To do this, we import the geojson of Philadelphia neighborhoods, also available from OpenDataPhilly, and collapse down the neighborhood boundaries into a single polygon. Usually, this is pretty straightforward using the unionSpatialPolygons command in the maptools package, but there's some cruft in this particular set of polygons that makes it hard to condense them down into a single one with a single command. So, to take care of this, we'll use a little S4-fu:

phila_map<- readOGR("data/Neighborhoods_Philadelphia.geojson", "OGRGeoJSON")
phl_outline <- unionSpatialPolygons(map, IDs=rep(1,length(phila_map)))
outline_coords <- phl_outline@polygons[[1]]@Polygons[[1]]@coords
Which yields what we're looking for:

Now, we're ready to make the Voronoi polygons. So we'll load up the CSV containing the (lat, long) homicide locations and iterate a couple of times to regularize our polygons:

point_file <- read.csv("data/phl_homicide.csv")
voronoi <- deldir(point_file$POINT_X, point_file$POINT_Y)
vtiles <- tile.list(voronoi)

for (i in 1:2) {
    voronoi <- deldir(tile.centroids(vtiles))
    vtiles <- tile.list(voronoi)
}

Then we'll unpack each Voronoi tile and clip to the intersection of the city outline and the voronoi polygons using the polyclip function from the polyclip package:

vtiles <- tile.list(voronoi)

out_id <- c()
out_x <- c()
out_y <- c()
for (i in 1:length(vtiles)) {
    print(i)
    vt <- vtiles[[i]]

    ##Make a list for clipping with polyclip
    vt_a <- list(list(x = vt$x, y = vt$y))
    clipped_vt <- polyclip(outline, vt_a,op=c("intersection"))

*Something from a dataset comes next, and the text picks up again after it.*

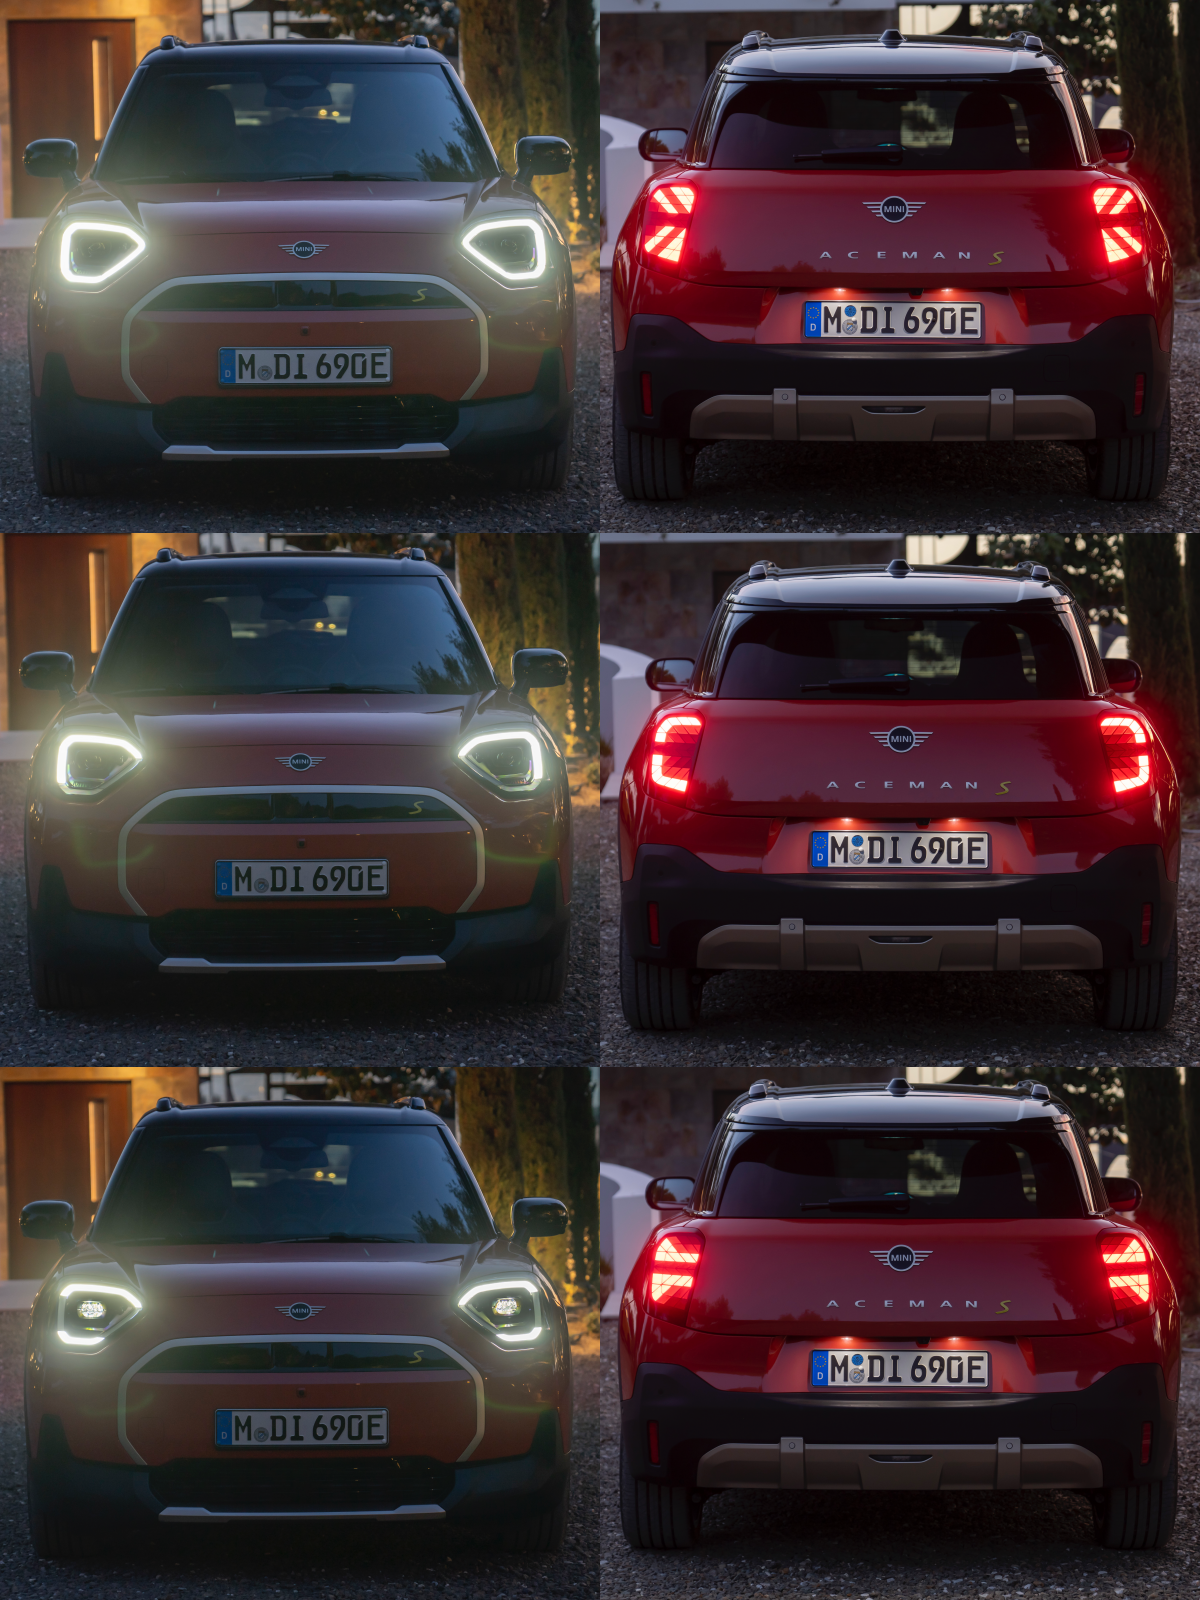 'LED' 점등된 미니 에이스맨 차량 이미지이다.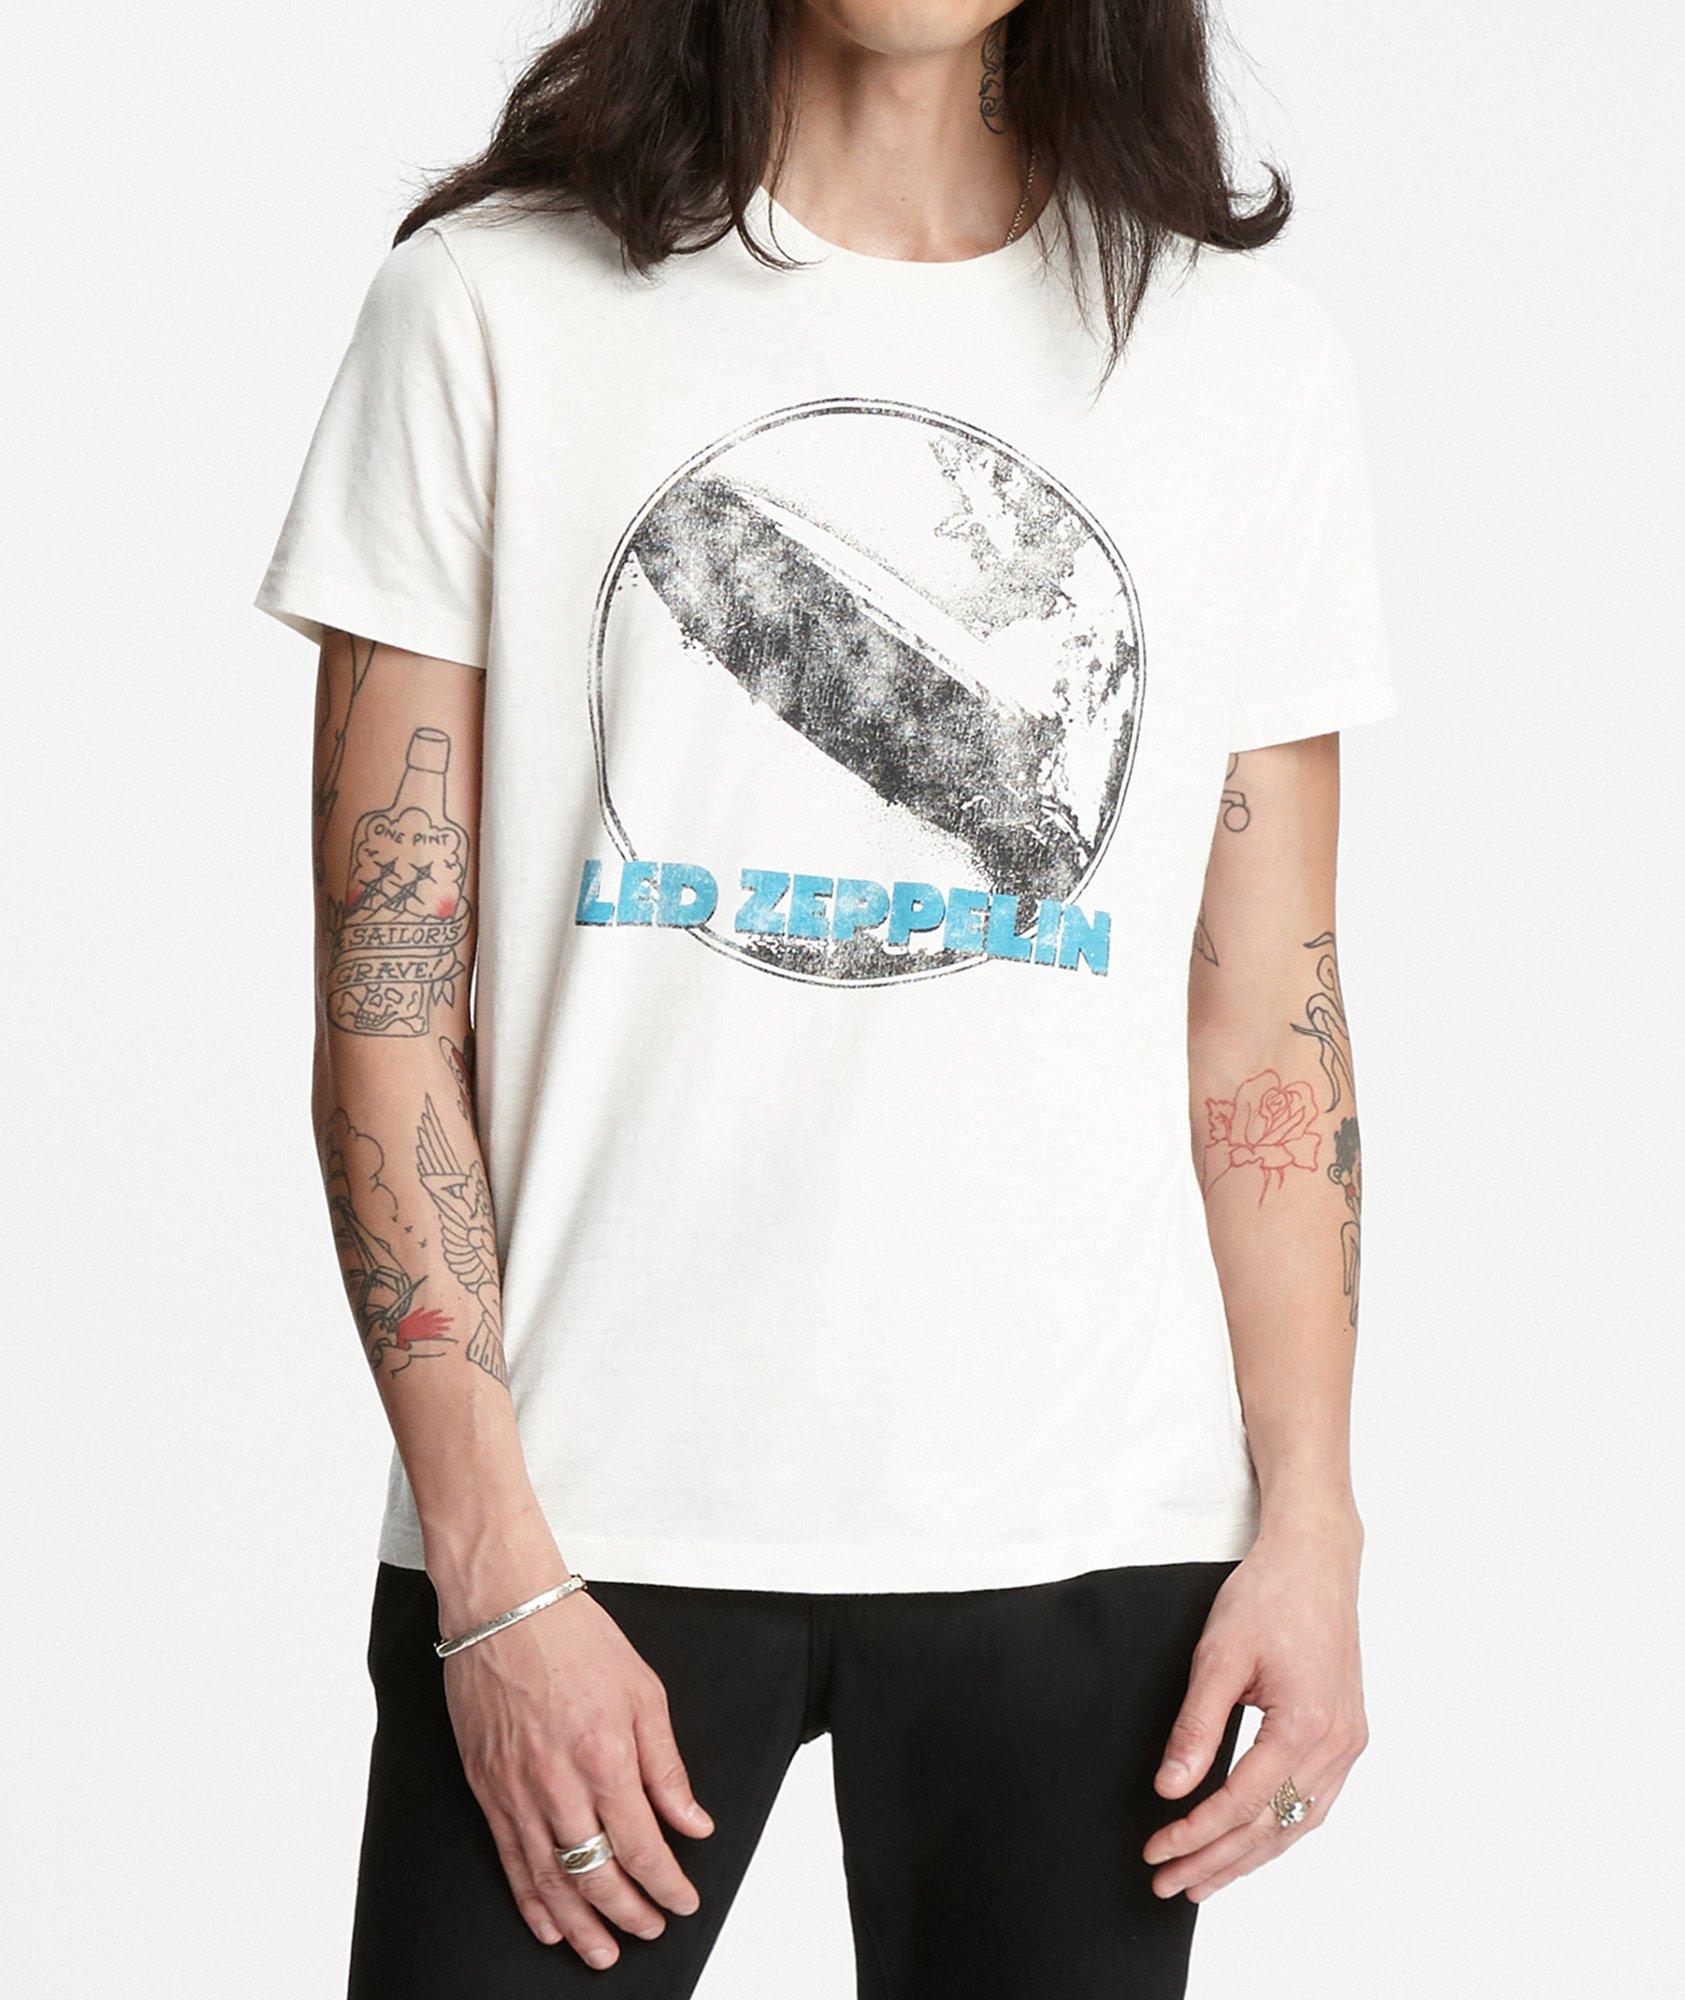 Led Zeppelin Debut Album T-Shirt image 0

    ## This is important in case a polygon essentially
    ## gets clipped out of existence
    if (length(clipped_vt) > 0) {
        clipped_vt <- clipped_vt[[1]]
        for (j in 1:length(clipped_vt$x)) {
            out_x <-  append(out_x,clipped_vt$x[j])
            out_y <- append(out_y, clipped_vt$y[j])
            out_id <- append(out_id,i)
        }
    }

plot_df <- data.frame(x = out_x, y = out_y, id = out_id)

Finally, we just have to do the slightly annoying work of creating a spatialPointsDataFrame for our clipped polygons and writing it out to geojson to load up for plotting in d3:

## Convert to polygon objects using plyr
polygons <- dlply(plot_df, .(id), function(x) {
    Polygons(list(Polygon(cbind(c(x$x,x$x[1]),c(x$y,x$y[1])))), ID = x$id[1])
})

## Just to make sure we're getting the right IDs for all of the included
## polygons (a bit hacky)
ids <- c()
for (i in 1:length(polygons)) {
    ids <- append(ids, polygons[[i]]@ID)
}

## Make into spatial polygons
srl <- SpatialPolygons(polygons)

## Now make some data to bind to the output
## spatialpolygons dataframe we'll export to geojson
in_data <- data.frame(id = ids)

##Fix row names to match polygon names (important!)
row.names(in_data) <- ids

##Make a spatialPolygonsDataFrame with one polygon for each of our
##voronoi polygons
spdf <- SpatialPolygonsDataFrame(srl, data = in_data)

##Write out to geojson
writeOGR(spdf, "phl_voronoi.geojson", "phl_homicide", driver = "GeoJSON")
Which yields this:

And that's where we're going to wrap up Part 1!

In Part 2, we'll talk about getting the polygon data into d3 and filling in colors based on polygon intensity. We'll also cover how to overlay the Voronoi intensity map with a neighborhood grid and to use tooltips that show neighborhood names on mouseover.